De primero, Crema de coliflor

De segundo, Crujiente de ragú vegetal

De postre, Tarta de chocolate y naranja amarga

CREMA DE COLIFLOR

Puede parecer una vichyssoise pero no lo es. Como me gusta que sepa a coliflor-coliflor con un sabor fresco no la rehogo sino que procuro que la cocción sea sólo en el caldo y lo más rápida posible, para lo cual hay que hacer unos trocitos mínimos de la coliflor para que la crema también quede sedosa. Mi truco es pasar la coliflor por el rallador de queso (por el agujero grande) y pelar bien los tallos para que no haya ninguna parte ni siquiera ligeramente leñosa.
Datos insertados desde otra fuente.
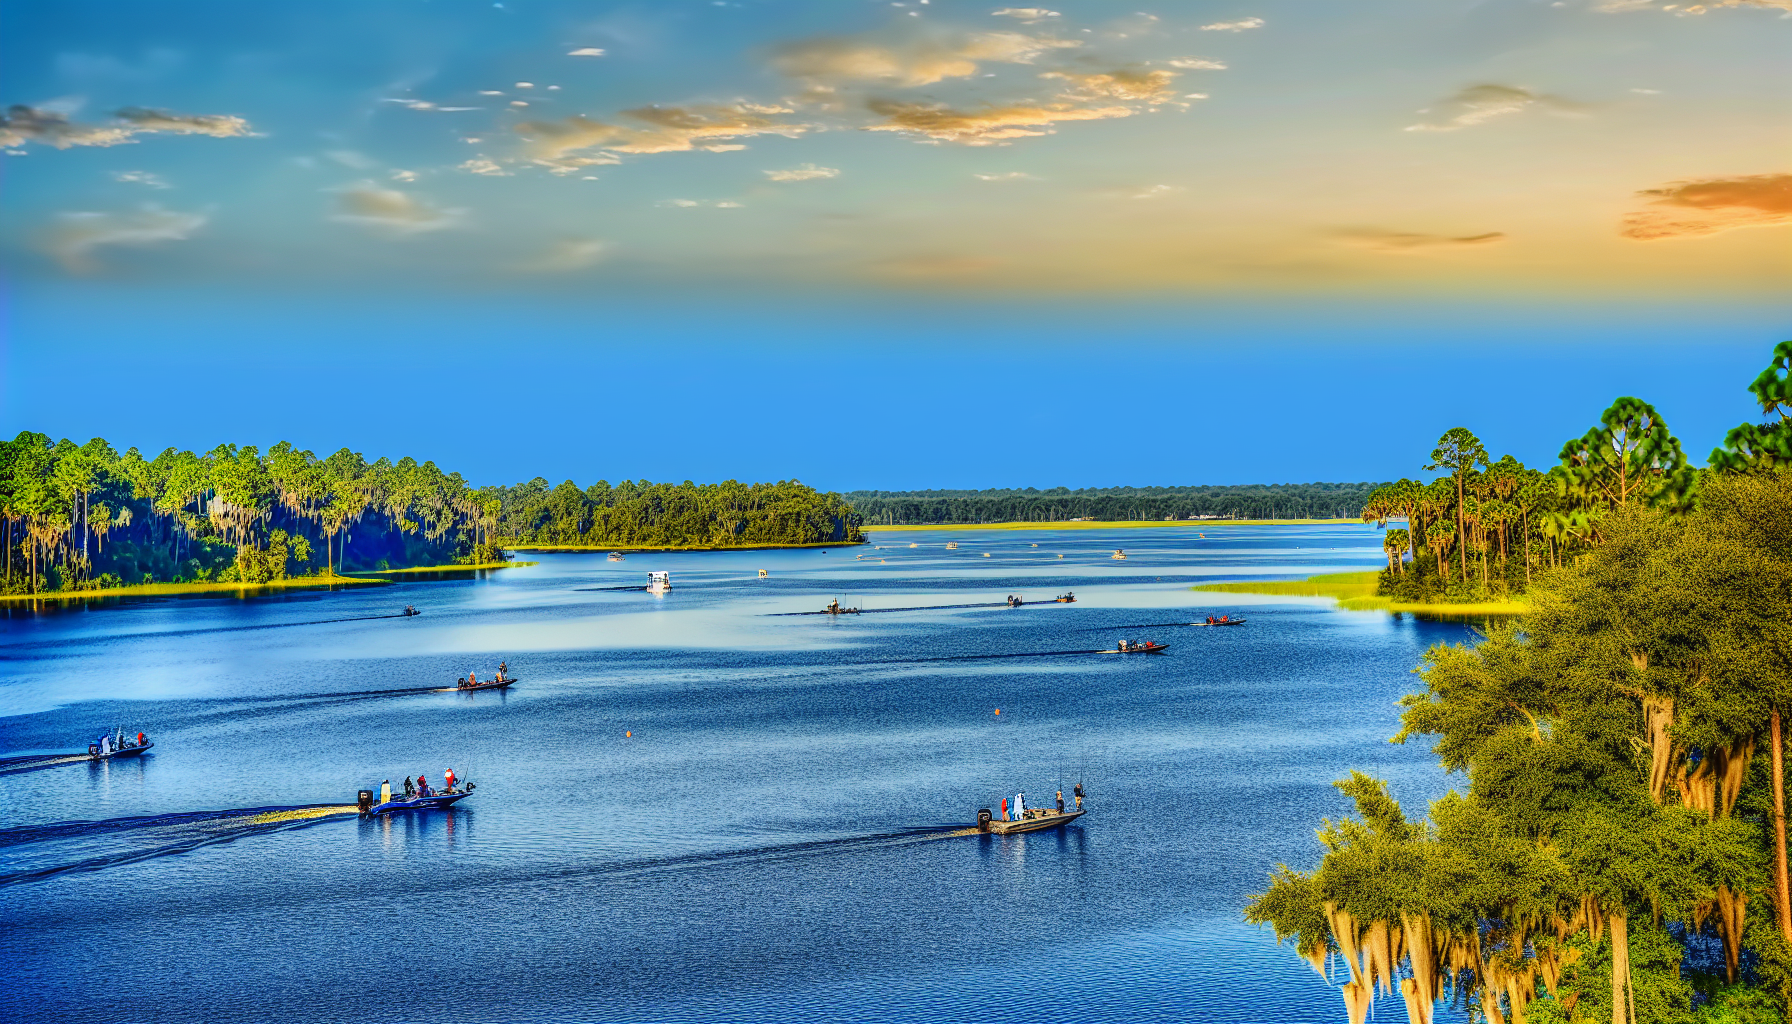 A scenic view of Lake Toho, a renowned bass fishing destination in Central Florida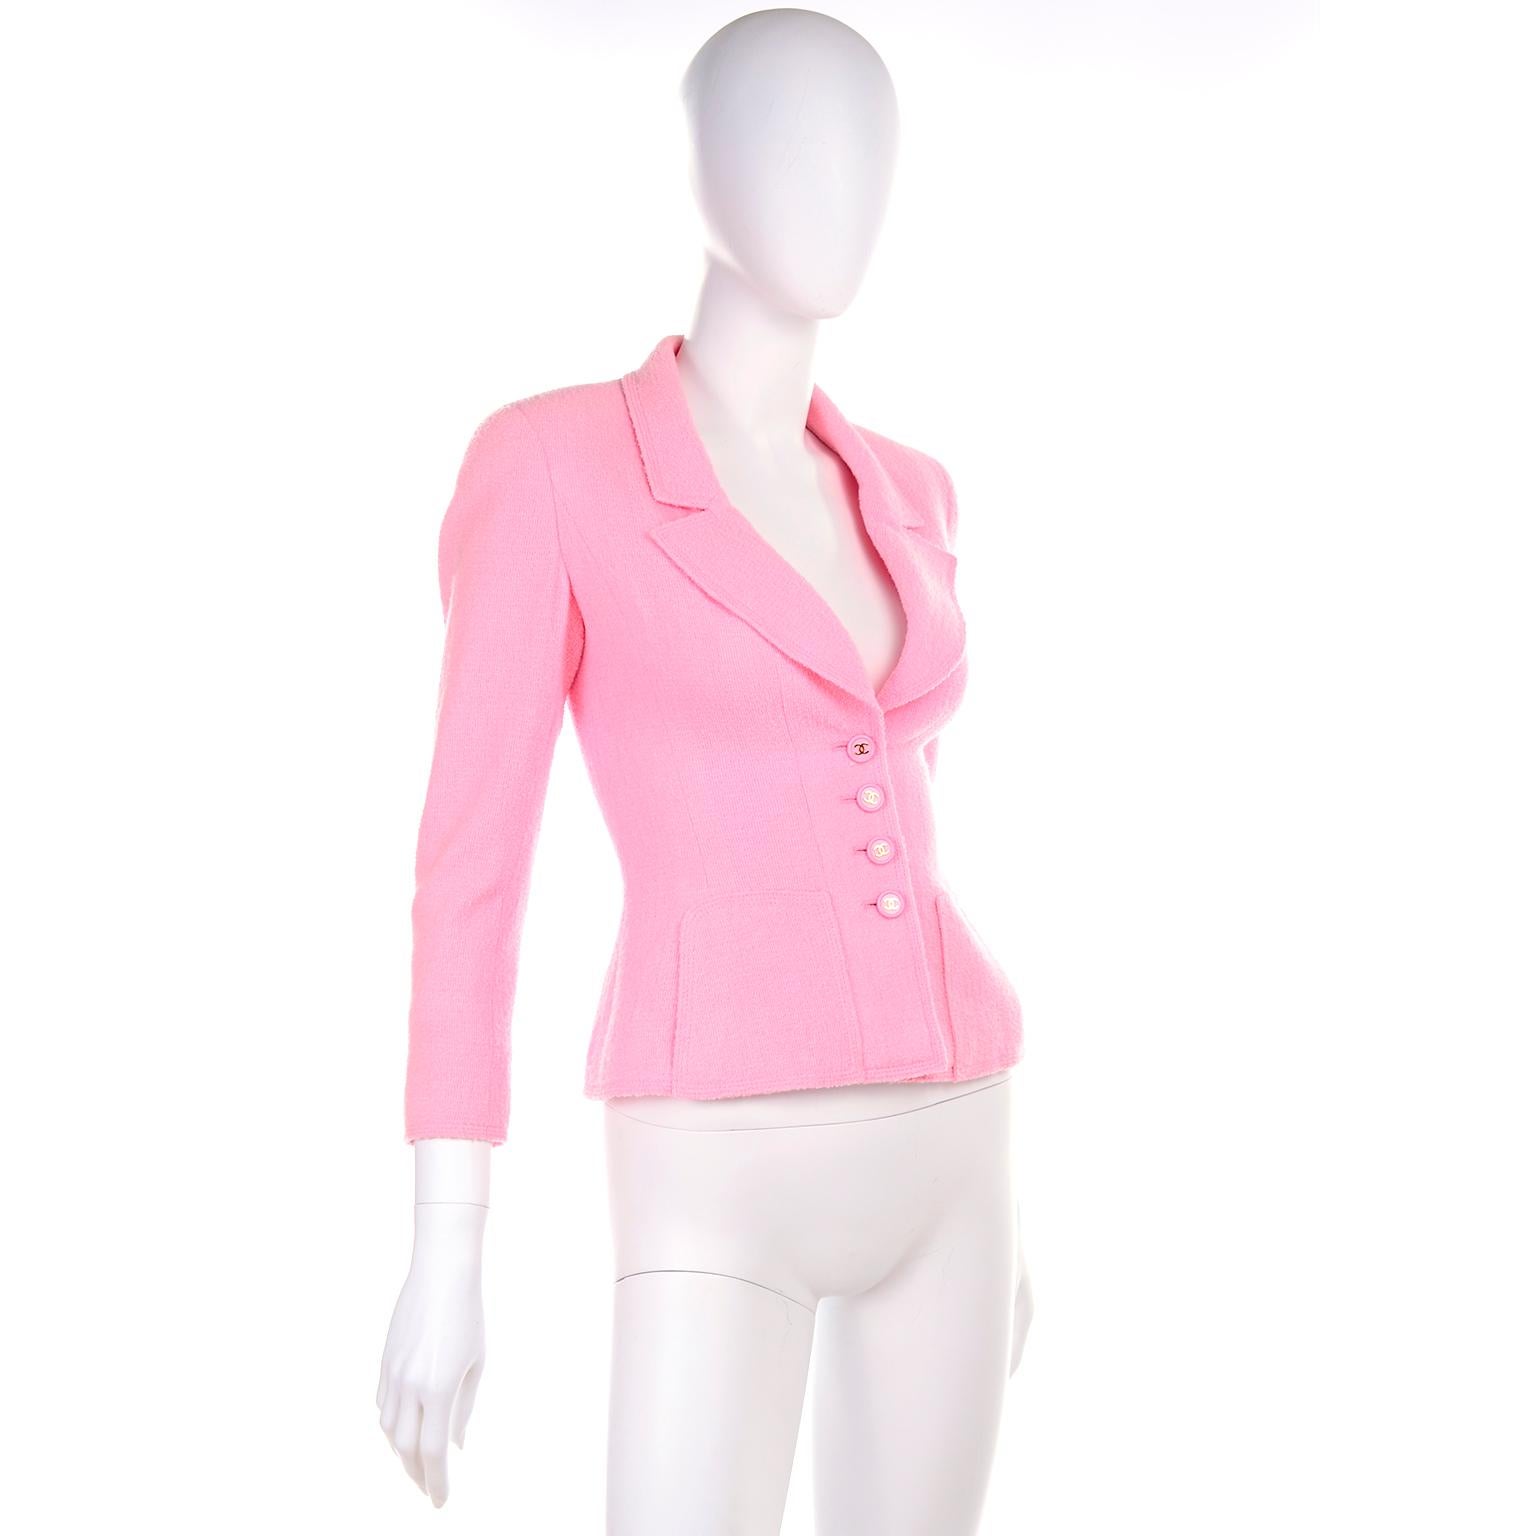 This beautiful vintage Chanel jacket is from the Spring Summer 1997 collection designed by Karl Lagerfeld.  The jacket has front side slit pockets, and zippers on the sleeves with CC Chanel monogram zipper pulls, Chanel pink marked buttons (4

Ingredientes para 6 personas

  • 50g mantequilla
  • 100g puerro troceado (la parte blanca y verde clara de uno grande, más o menos)
  • 500g coliflor rallada (media grande)
  • 600ml caldo vegetal claro o agua
  • 150ml leche entera
  • Sal y pimienta al gusto

Procedimiento

1.- Pon la mantequilla a calentar en la olla a fuego medio y en cuanto se derrita añade el puerro con un poquito de sal. Deja que se haga despacito y con la olla tapada pero removiendo de vez en cuando para que no se pegue ni se tueste, unos 13-14 minutos hasta que esté bien blandito y se haya puesto traslúcido.

2.- Añade la coliflor y el caldo o el agua y sube el fuego. En cuanto hierva tapa la olla y tenlo cociendo unos 10 minutos, pasados los cuales la coliflor ya debería estar blanda. Añade la leche y tenlo otros 3-5 minutos. Rectifica de sazón, tritura y pasa por el chino si quieres que sea finita.

Notas: Para hacerlo vegano basta con sustituir la mantequilla por aceite y la leche por caldo o leche de almendras o alguna otra leche vegetal (mis favoritas son la de almendras y la de avena, siempre sin endulzar).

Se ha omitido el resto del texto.